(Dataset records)

- Opening Delimiter -

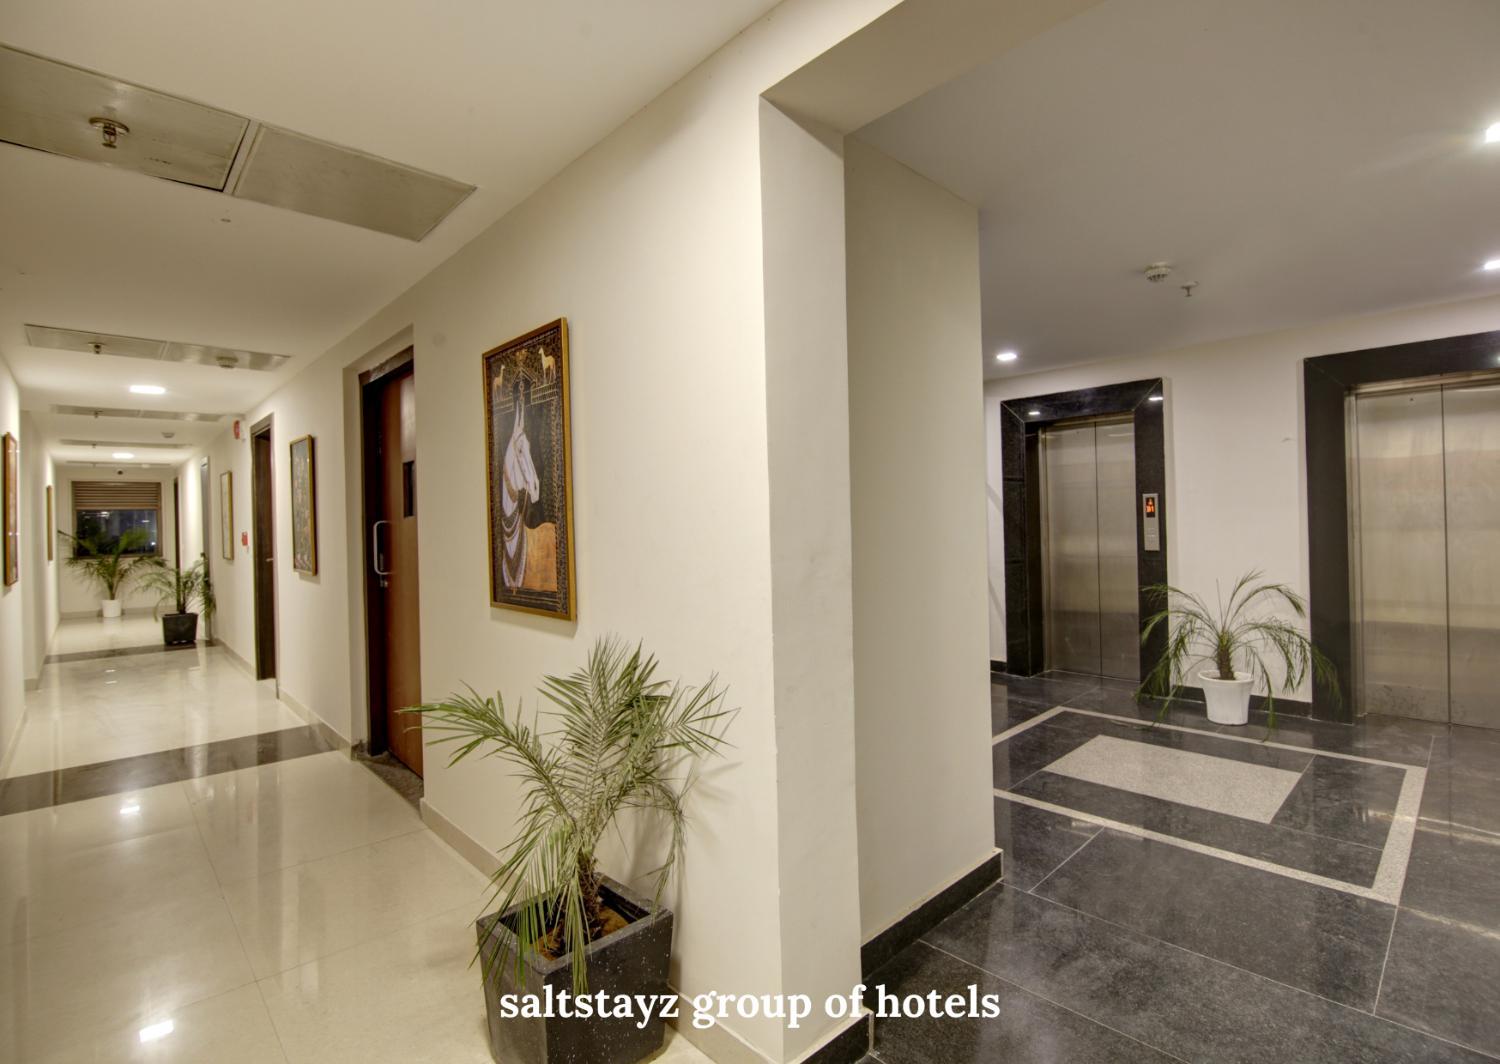 Saltstayz Luxe Executive Studio Apartment- Golf Course Extension Road, Gurgaon
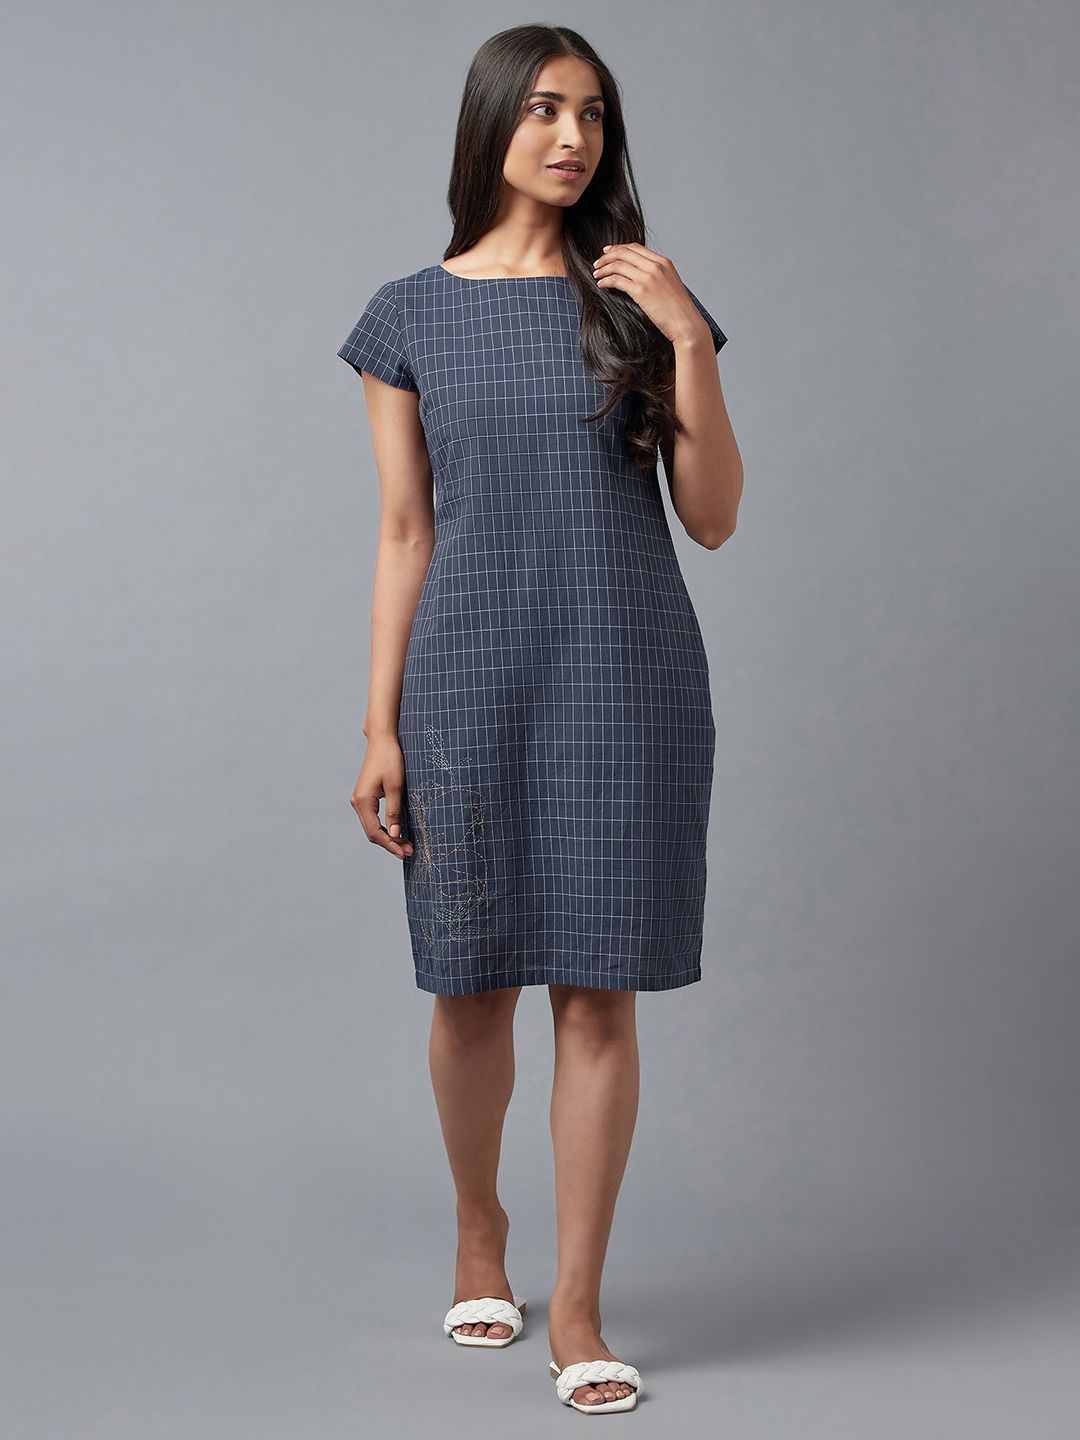 W Blue Checked Pure Cotton Sheath Dress Price in India
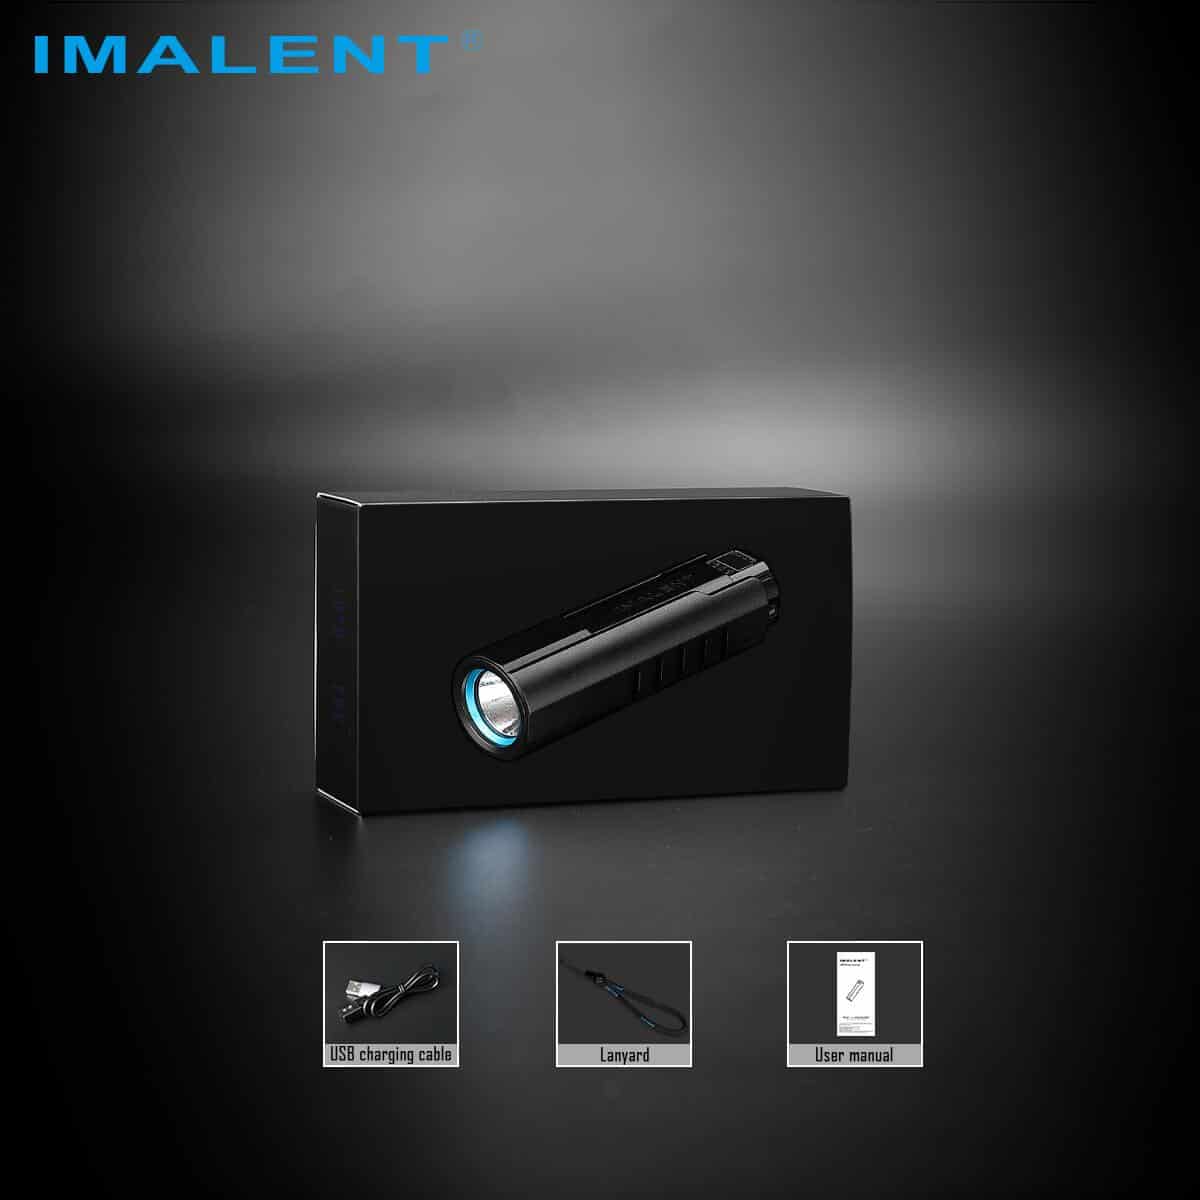 Best EDC Flashlight IMALENT LD70 - IMALENT Blue
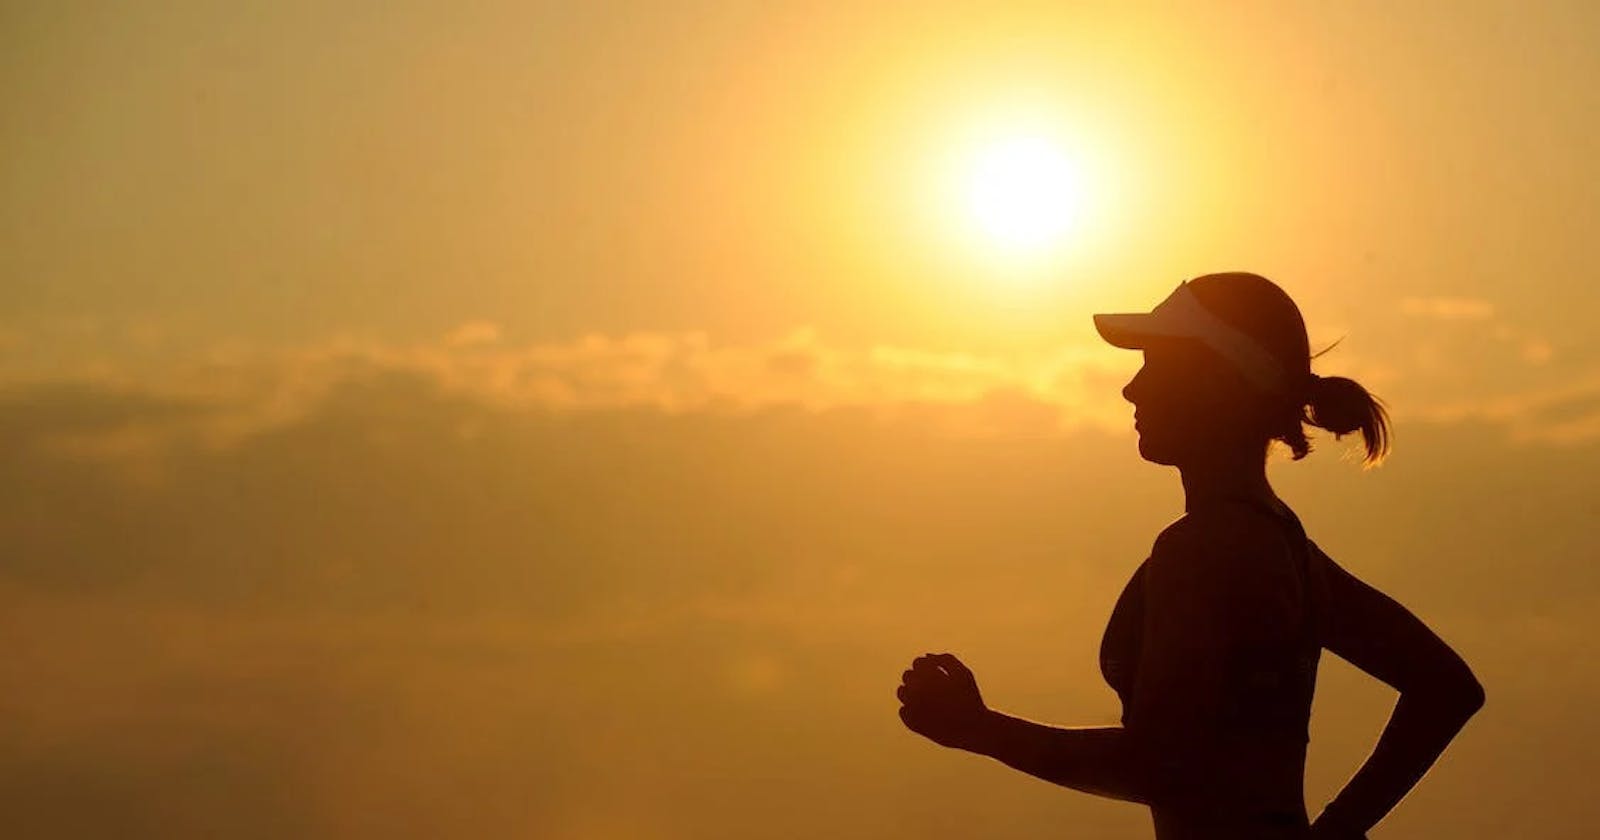 10 Benefits of Running That Will Make You Run Starting Today
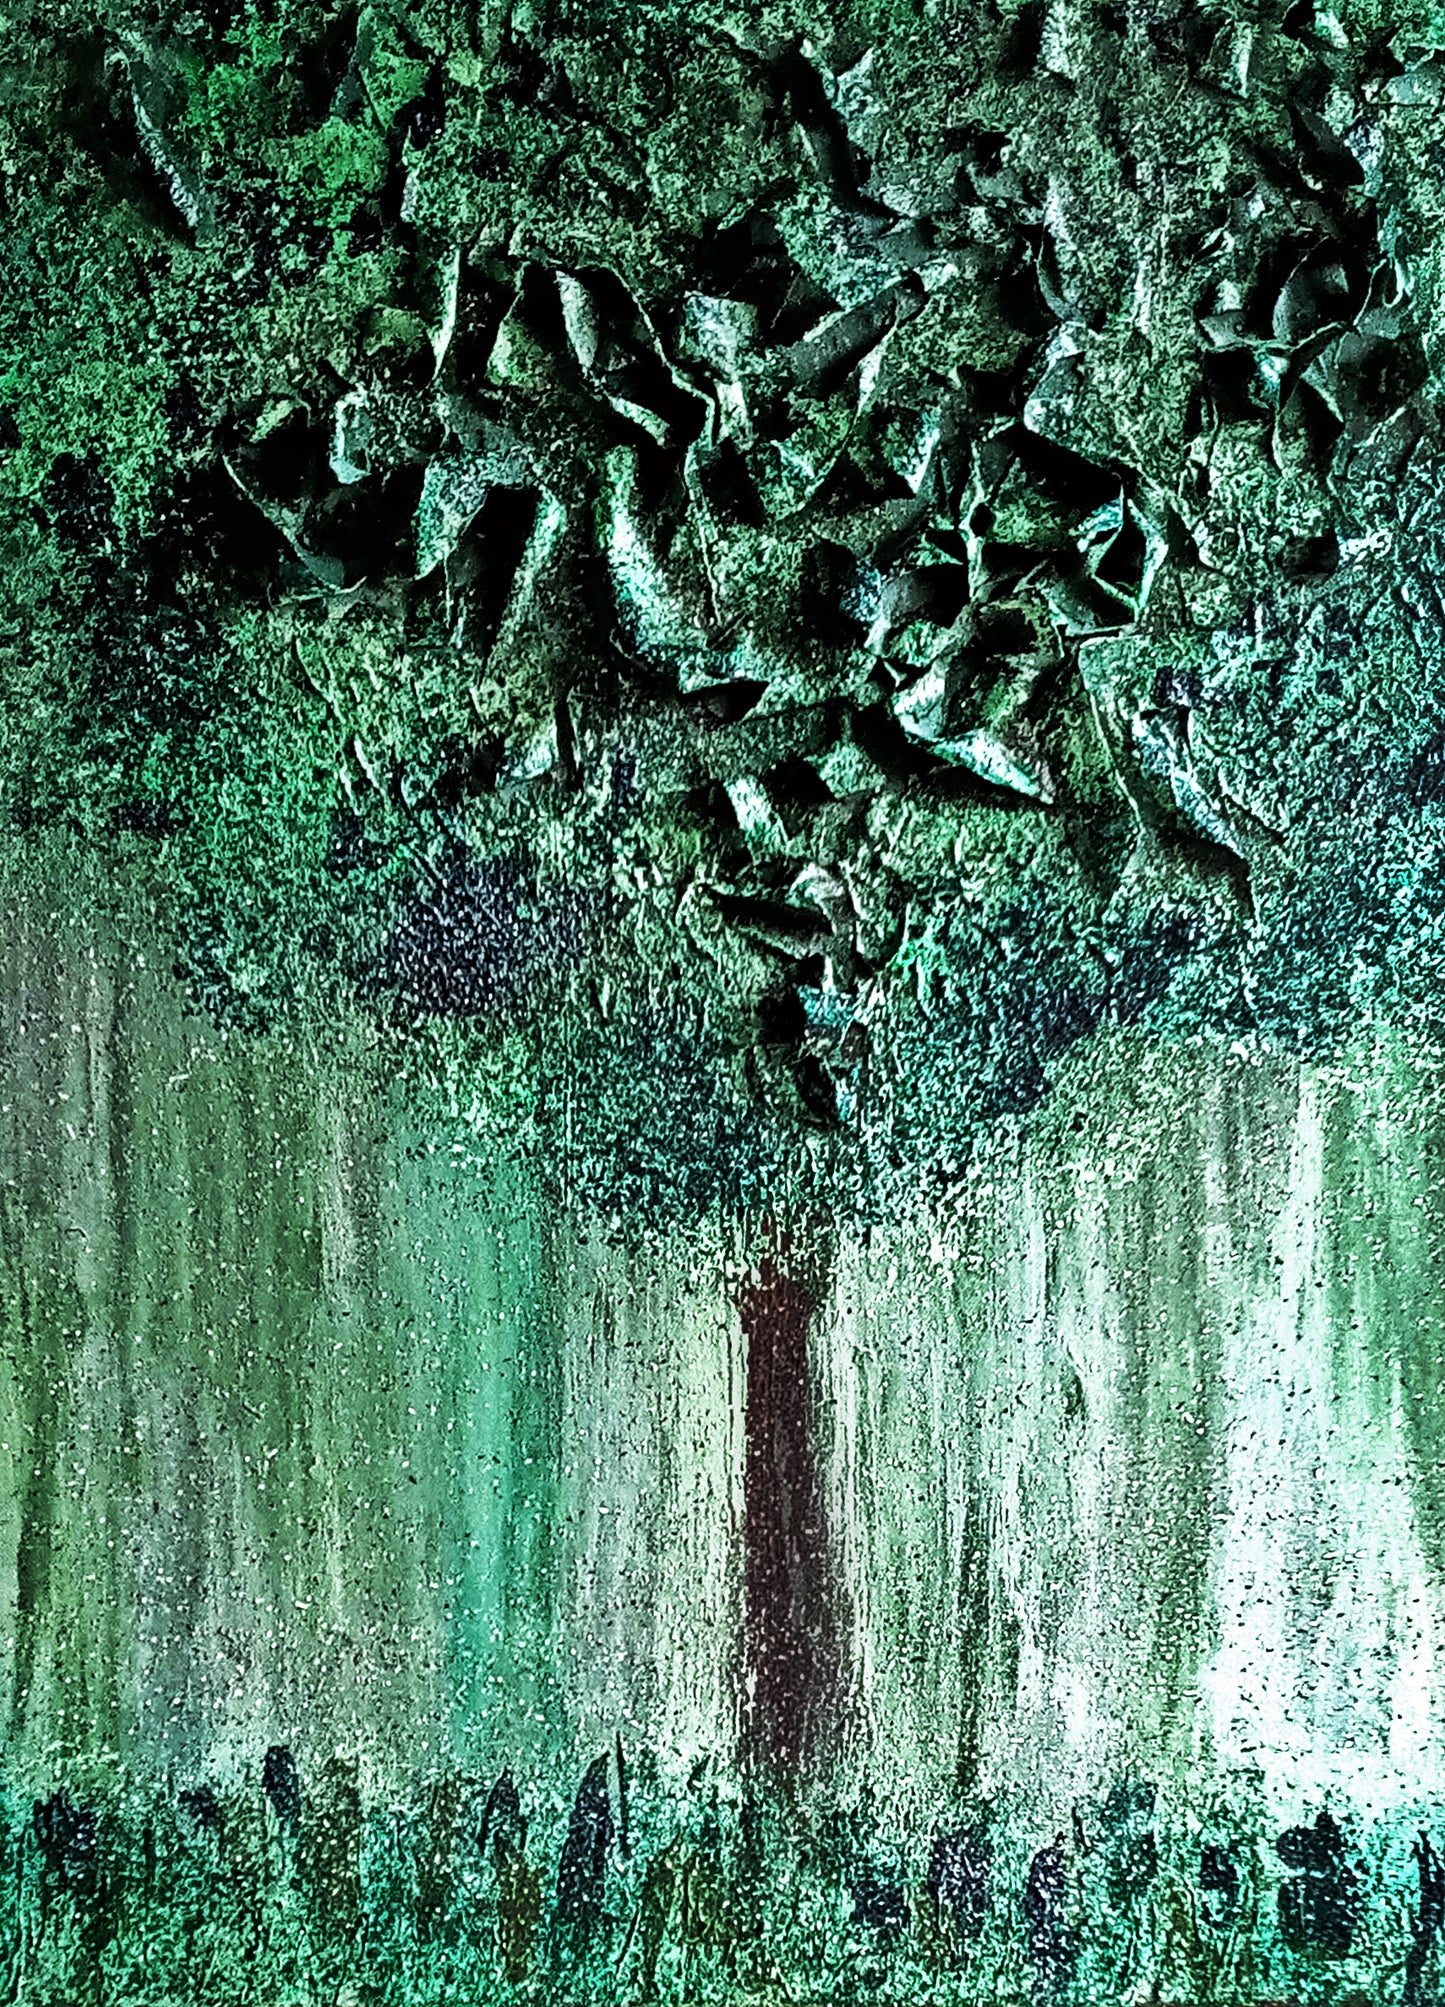 The Tree 3D Art 18"x24" on Canvas

- Closing Delimiter -

To do:
Reproduce the data above without a single change, please, but without its pictures.

Answer for this exercise:
 Saltstayz Luxe Executive Studio Apartment- Golf Course Extension Road, Gurgaon
 W Blue Checked Pure Cotton Sheath Dress Price in India
 Best EDC Flashlight IMALENT LD70 - IMALENT Blue
 10 Benefits of Running That Will Make You Run Starting Today
 The Tree 3D Art 18"x24" on Canvas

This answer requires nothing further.